A recent study suggests that diet and sleep are interwoven and optimal health comes from making good lifestyle choices that promote slow-wave or deep sleep. According to a study reported by the American Academy of Sleep Medicine, eating more saturated fat and sugar combined with a lower intake of fiber, results in less slow-wave sleep and less time spent in the stage of deep sleep. In addition, study participants who had a greater sugar intake experienced more arousals from sleep.
In comparing how diet quality influences a person's quality of sleep, researchers were surprised by how quickly a dietary change affected sleep. Participants' sleep parameters were altered the same night that meals with greater fat and sugar intake, and lower fiber were consumed. Since medical research has already linked sleep disruption to the development of chronic disorders such as hypertension, obesity, cardiovascular disease and diabetes, the findings that not only what you eat but when you eat it can affect sleep, has tremendous health implications.
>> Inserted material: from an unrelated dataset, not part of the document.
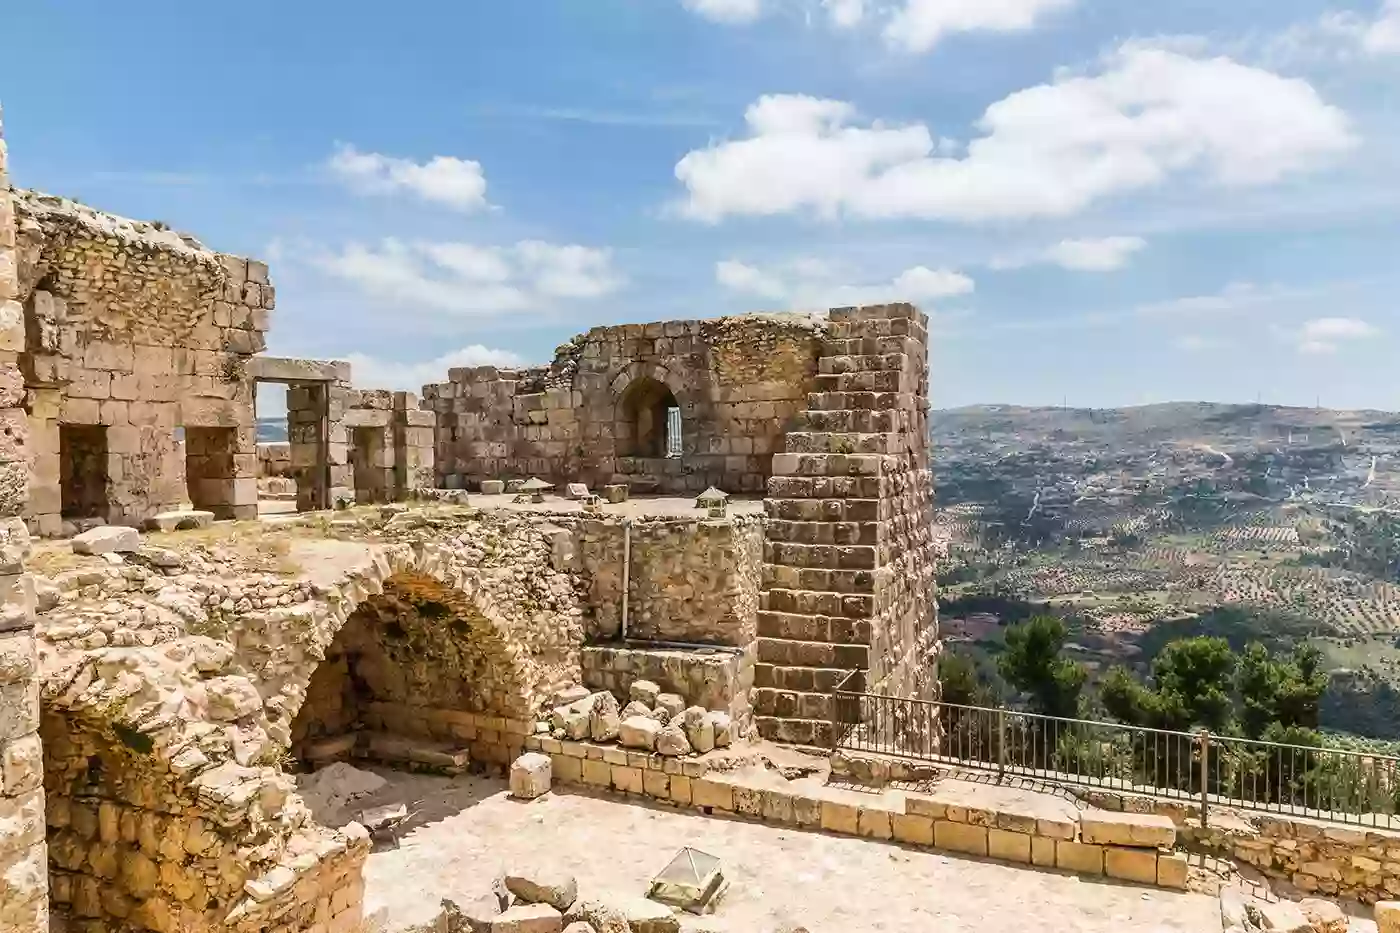 jordans-cultural-heritage-sites

The study supported by grants from the National Institutes of Health (NIH) and the National Center for Advancing Translational Sciences (NCATS), found that participants who ate meals prepared by a nutritionist fell asleep faster than those who self-selected their meals. In fact, individuals who consumed the food and beverage of their choosing took an average of 29 minutes to fall asleep, whereas those who ate healthier controlled meals fell asleep in only 17 minutes. A high-fiber meal for dinner also allowed participants to spend more time engaged in slow-wave sleep, which is essential for good immune system function.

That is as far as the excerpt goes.